Water covers approximately 71% of the Earths surface, however water scarcity affects more than 40% of the worlds population. It's estimated that humans need 20 - 50 litres of clean water each day to ensure their basic needs for cooking, cleaning and drinking, yet it's estimated that nearly 28 million Indonesians lack safe water.

As an island ecosystem, resources can sometimes be scarce. Many villages on the Togean Islands have access to wells however this water often contains lots of sediment and has to be filtered or boiled before it can be used. There is also the chance that the wells may run dry due to changes in climate and rainfall or from deforestation.

Last year we began our first water project, addressing water shortages in a village called Lembanato whose wells had been drying up.
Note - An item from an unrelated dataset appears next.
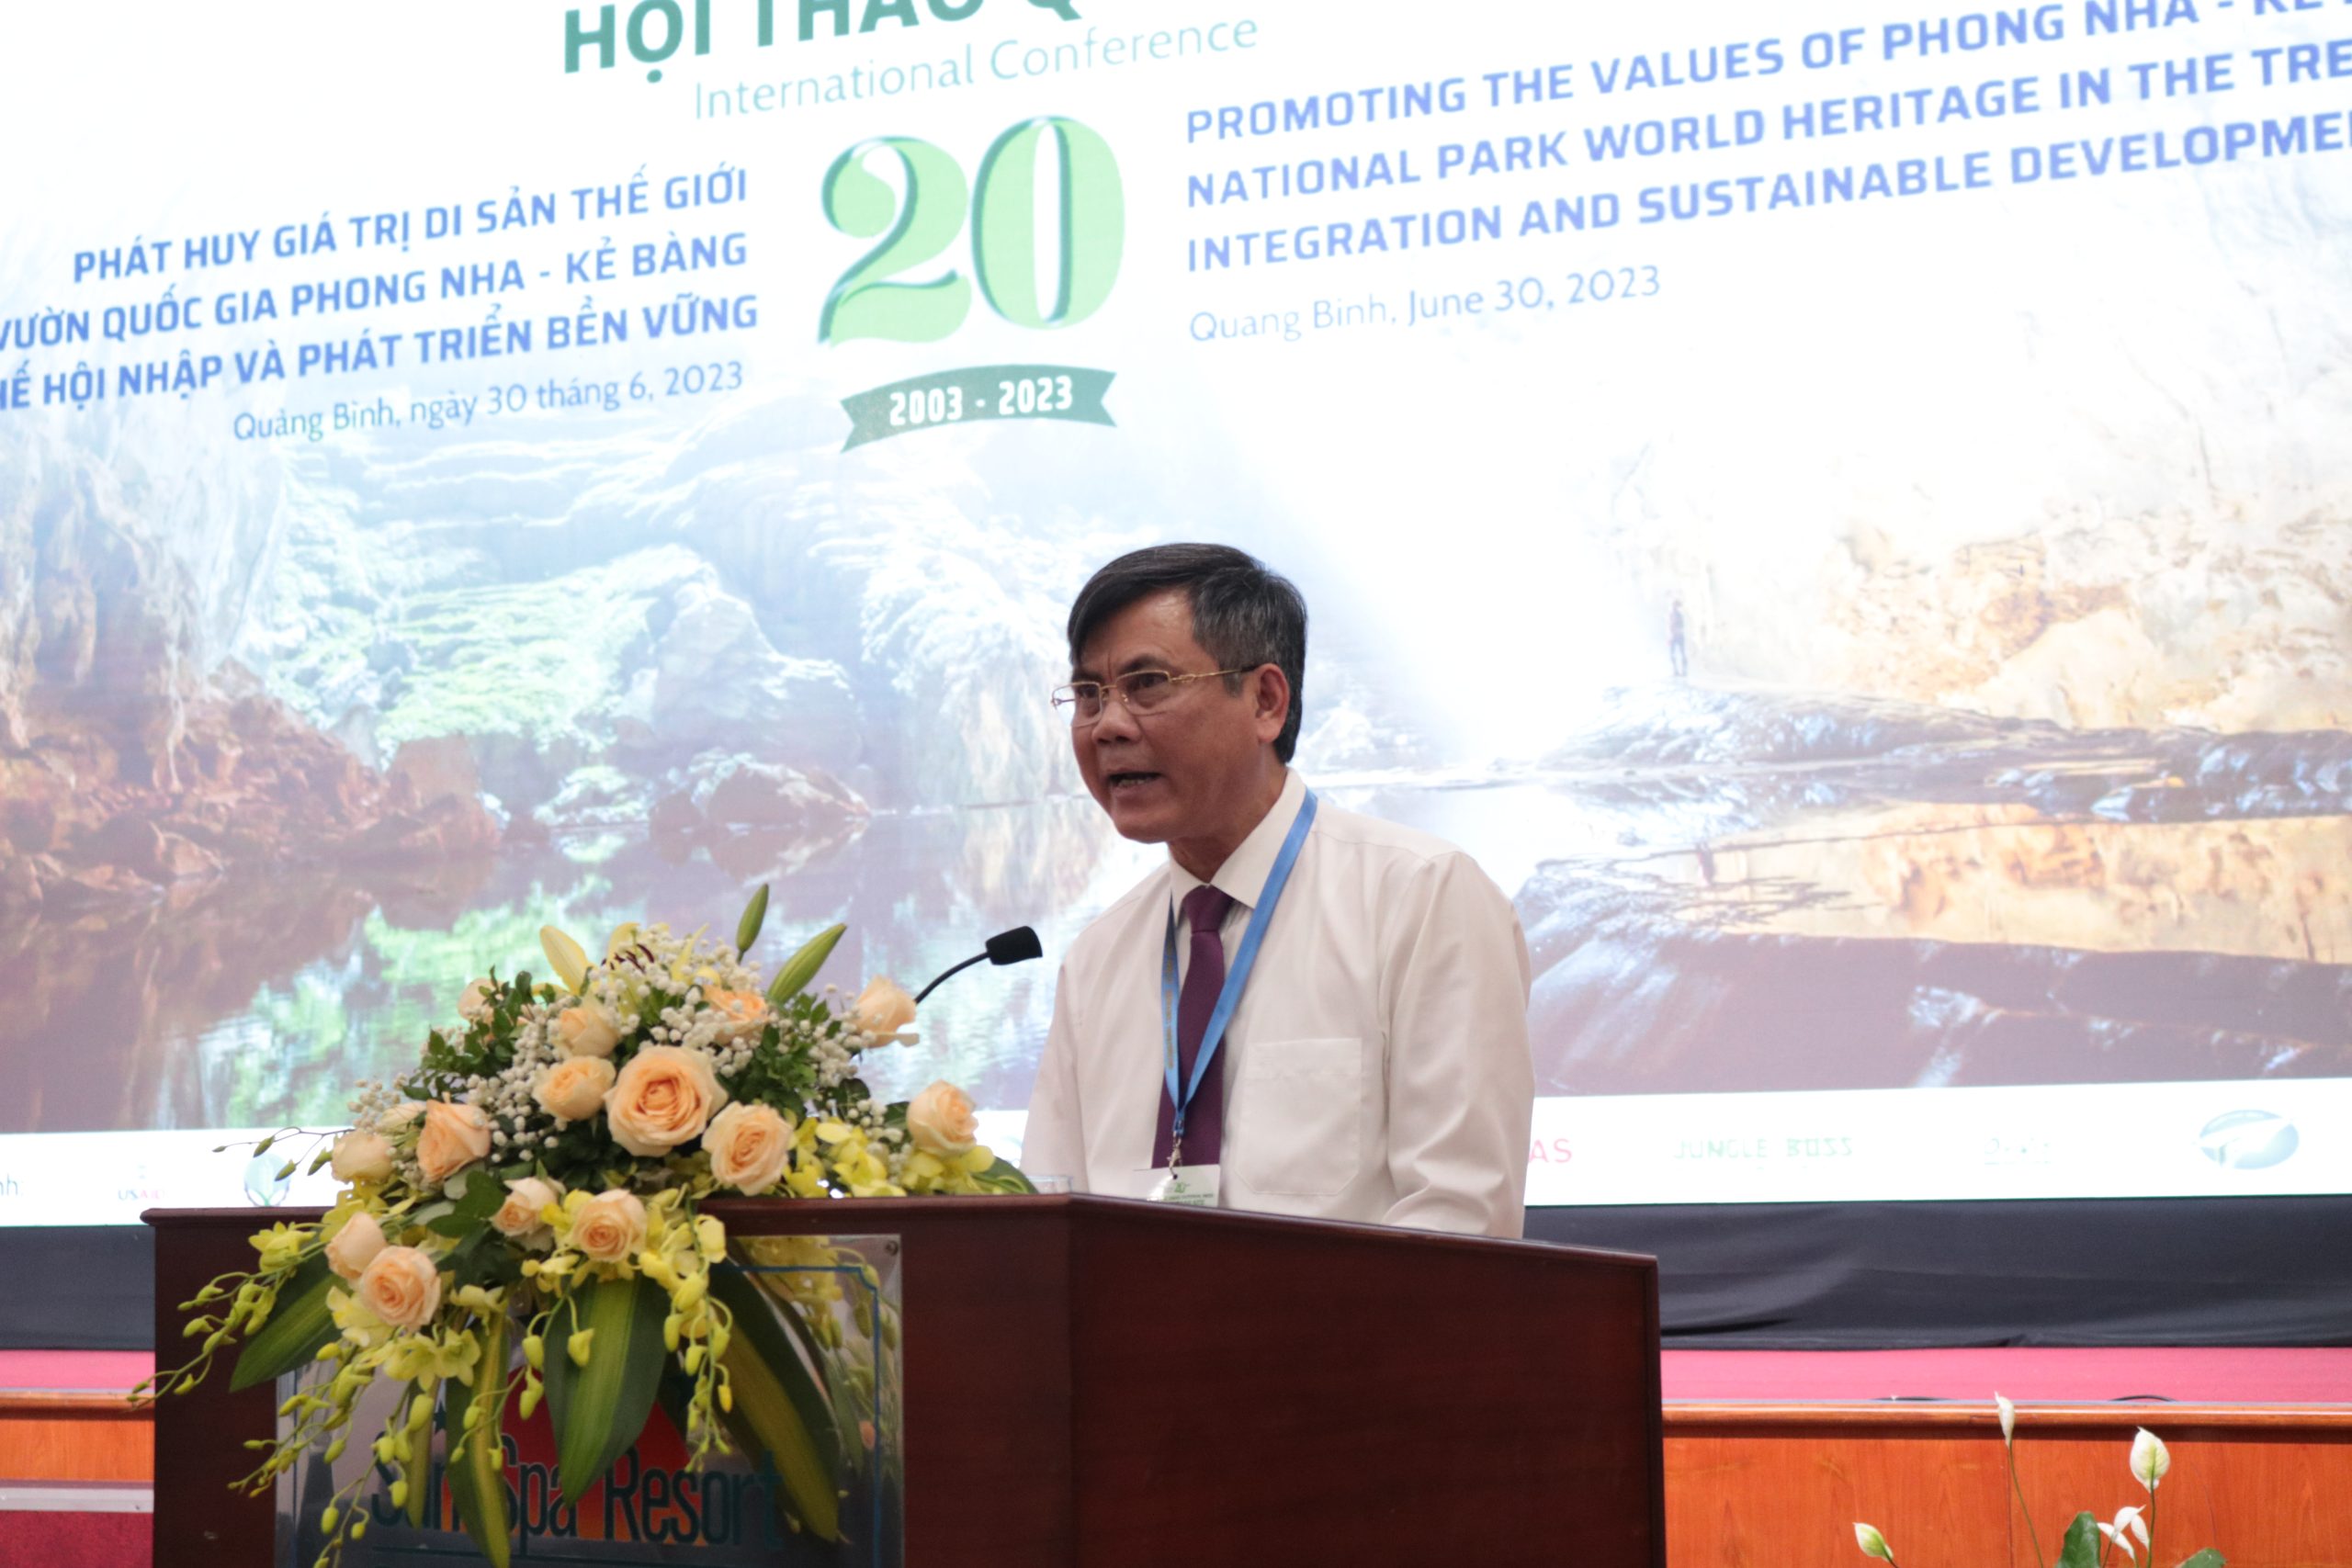 Chủ tịch UBND tỉnh Trần Thắng phát biểu chào mừng và khai mạc hội thảo.

At the shortages worst point, the villagers had to hike for 15 minutes uphill to shower, wash clothes or collect fresh water for use at home. However this water supply would have run dry by 8am so their day would begin at 3am with the next five hours spent carrying two buckets at a time along the trail.

Photo credit: Siana Wijono

We believe the problem was caused by deforestation as the existing forest had been removed to make way for coconut palms to farm copra - the dried coconut meat used to make highly processed oil.

By removing the forest this meant that water simply ran across the steep, sloping land and was not captured by root systems keeping the water in the ground and giving the aquifer a chance to recharge.

Another side effect of removing the forest was that the dew which normally falls from leaves at night was lost. Dew can make up to 80% of available precipitation.

Our first action was to teach the community how to find the contours of the land and dig trenches which would stop the water from running down the hill unhindered. This would give it a chance to percolate into the soil.

However we also needed a long-term solution to repair Lemabanato's watershed. We therefore planted 600 productive trees, including mahogany, palapi, nutmeg, candlenut, mango, jackfruit and jabon. It is hoped that these trees will have a variety of benefits on the land including increasing shade and infiltration, building topsoil and stabilising soil against erosion and landslides.

We hope to continue our work restoring Lemabanato's watershed along with other villages who are also struggling for fresh water supplies once we establish further funding for the project.

Our goal is to build a tree nursery in Wakai village in the centre of Togeans and transport and plant 20,000 trees to restore damaged forest, create agroforestry farms and get Togeans water flowing once more.